А Радое Убогий ответил батюшке так, как и подобает отвечать богобоязненному прихожанину:

— Ежели б церковь была зеленная лавка, а причастие — лук, ты мог бы мне его дать или не дать. А ежели мои зубы, поп, в глотке окажутся, то и твоя камилавка не такая уж тесная, чтоб нельзя было насунуть тебе ее на нос да на уши! Ну, а тявкать, поп, я выучился у тебя, еще когда в школярах бегал.

Батюшка, человек умный, ничего не ответил Радое и только бросил грустный, сочувственный взгляд на «заблудшую овцу», способную даже священнику набить камилавку на уши.

Впрочем, называть Радое «заблудшей овцой» было бы неверно: скорее уж он был «заблудшим бараном», так как, упустив третью вдову и потеряв надежду когда-нибудь жениться, он поднял в селе такой шум, что староста с писарем стали подумывать, как бы ему укоротить язык.

Но кто бы в селе слушал Радое, кабы не произошло одно событие.

Был большой праздник, благовещенье, кажется, и в Прелепницу собрался народ даже из других сел. А уж если народ собирался, поп Пера не упускал случая поговорить с церковной кафедры. Лет пять назад поп Пера вбил себе в голову, что не худо бы ему стать депутатом скупщины, и с тех пор часто разглагольствовал в церкви. Райя из Крман однажды сказал в присутствии многих: «А что, люди, уж батюшка Пера за нас постоял бы!» И не один он так думал, но самое главное, что так думал поп Пера.

С того времени батюшка зачастил и в кабак. Там он то и дело бил по столу кулаком и восклицал: «Они там, наверху, не знают, что народу нужно, а сказать им об этом некому!» Во многие свои церковные проповеди он вворачивал такое изречение: «Народ нуждается в хороших заступниках как перед богом, так и перед земными властями. До бога достойный заступник донесет народные моления, а до земных властей народные чаяния!»

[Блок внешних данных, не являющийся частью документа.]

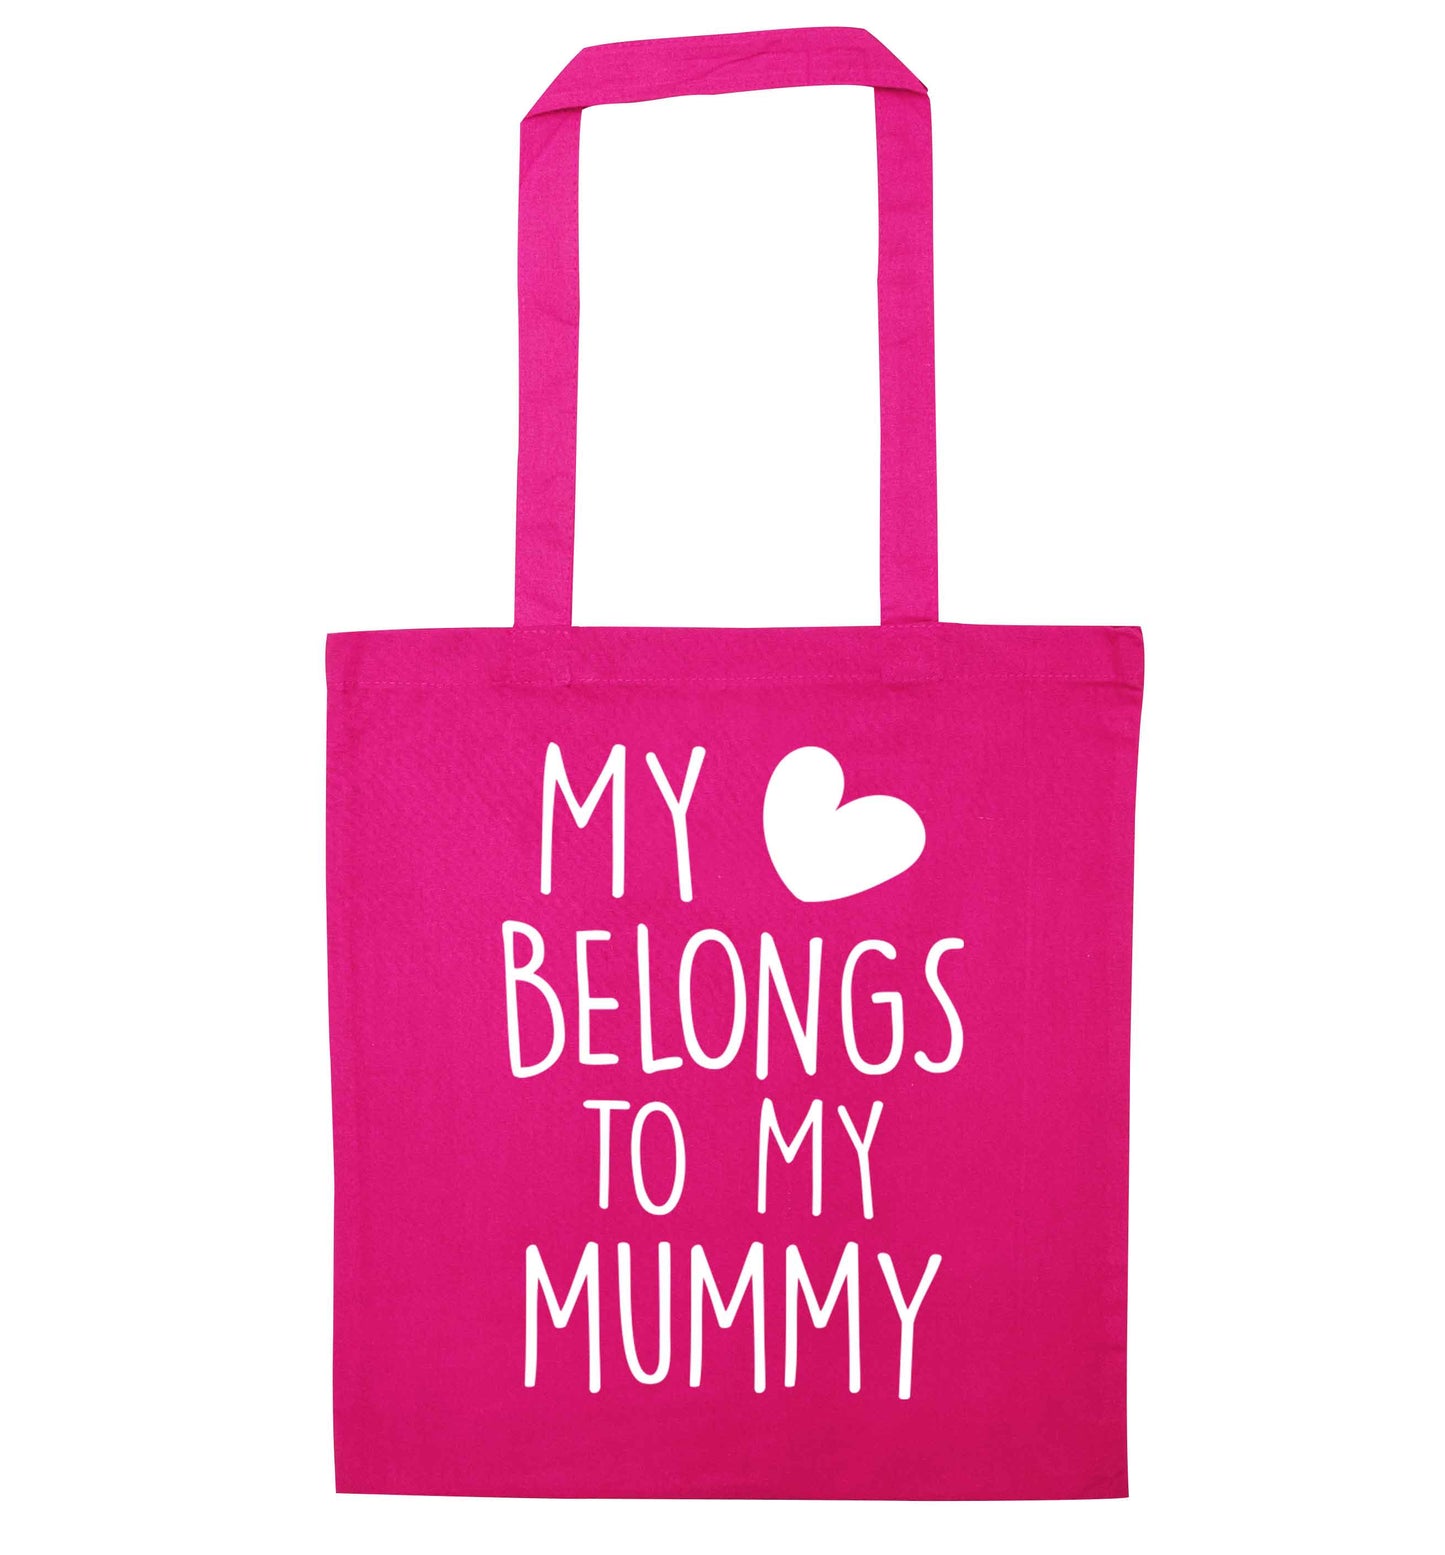 My heart belongs to my mummy pink tote bag

Вот и на благовещенье батюшка произнес проповедь, а в той проповеди самой важной была такая мысль: на ниве, оставшейся без хозяина, все должны трудиться сообща (при этих словах Радое закашлялся, но поп довел свою речь до конца, а после не дал ему причаститься). Что хотел батюшка сказать, то и сказал весьма благолепно; божья служба окончилась, и все чинно вышли на церковную паперть и остановились, чтобы поговорить о том о сем, как и положено почтенным людям.

Тут и отец Пера, и староста, и один член общинной управы, и староста из села Буринаца, потом бывший староста Райко, лавочник Йова, Исайло из Драйковаца и многие другие. Не было только в том обществе кабатчика и писаря; оба были в кабаке, всяк при своем деле.

На лавку под каштаном, что так красиво раскинул ветви у церкви, сели батюшка, Исайло и староста, а остальные кто остался на ногах и оперся на палку, кто притащил камень и уселся. Закурили самокрутки и трубки, и потекла беседа.

Исайло из Драйковаца сказал, что слышал от людей, которые ездили в город на рынок, будто в России холера, ну, а раз речь зашла об этом, лавочник стал долго и обстоятельно рассказывать, как брат его дедушки умер от холеры. «Посмотрел он, брат, на нас всех разом (я тогда мальчишка был), схватился руками за живот и в одночасье помер!» Потом поговорили немного о чуме, но батюшка счел своим долгом дать такую справку:

— Чумы, брат, не существует. Нельзя доказать исторически, что она существует: она больше так, в народных песнях.

Староста из Буринаца завел разговор о новом налоге на вооружение, ему об этом сказал уездный писарь. Отец Пера, как человек, метящий в депутаты, решил, разумеется, что ему и тут надо сказать свое слово:

— Что касается вооружения, то оно совершенно необходимо, но лично я против налоговой системы вооружения!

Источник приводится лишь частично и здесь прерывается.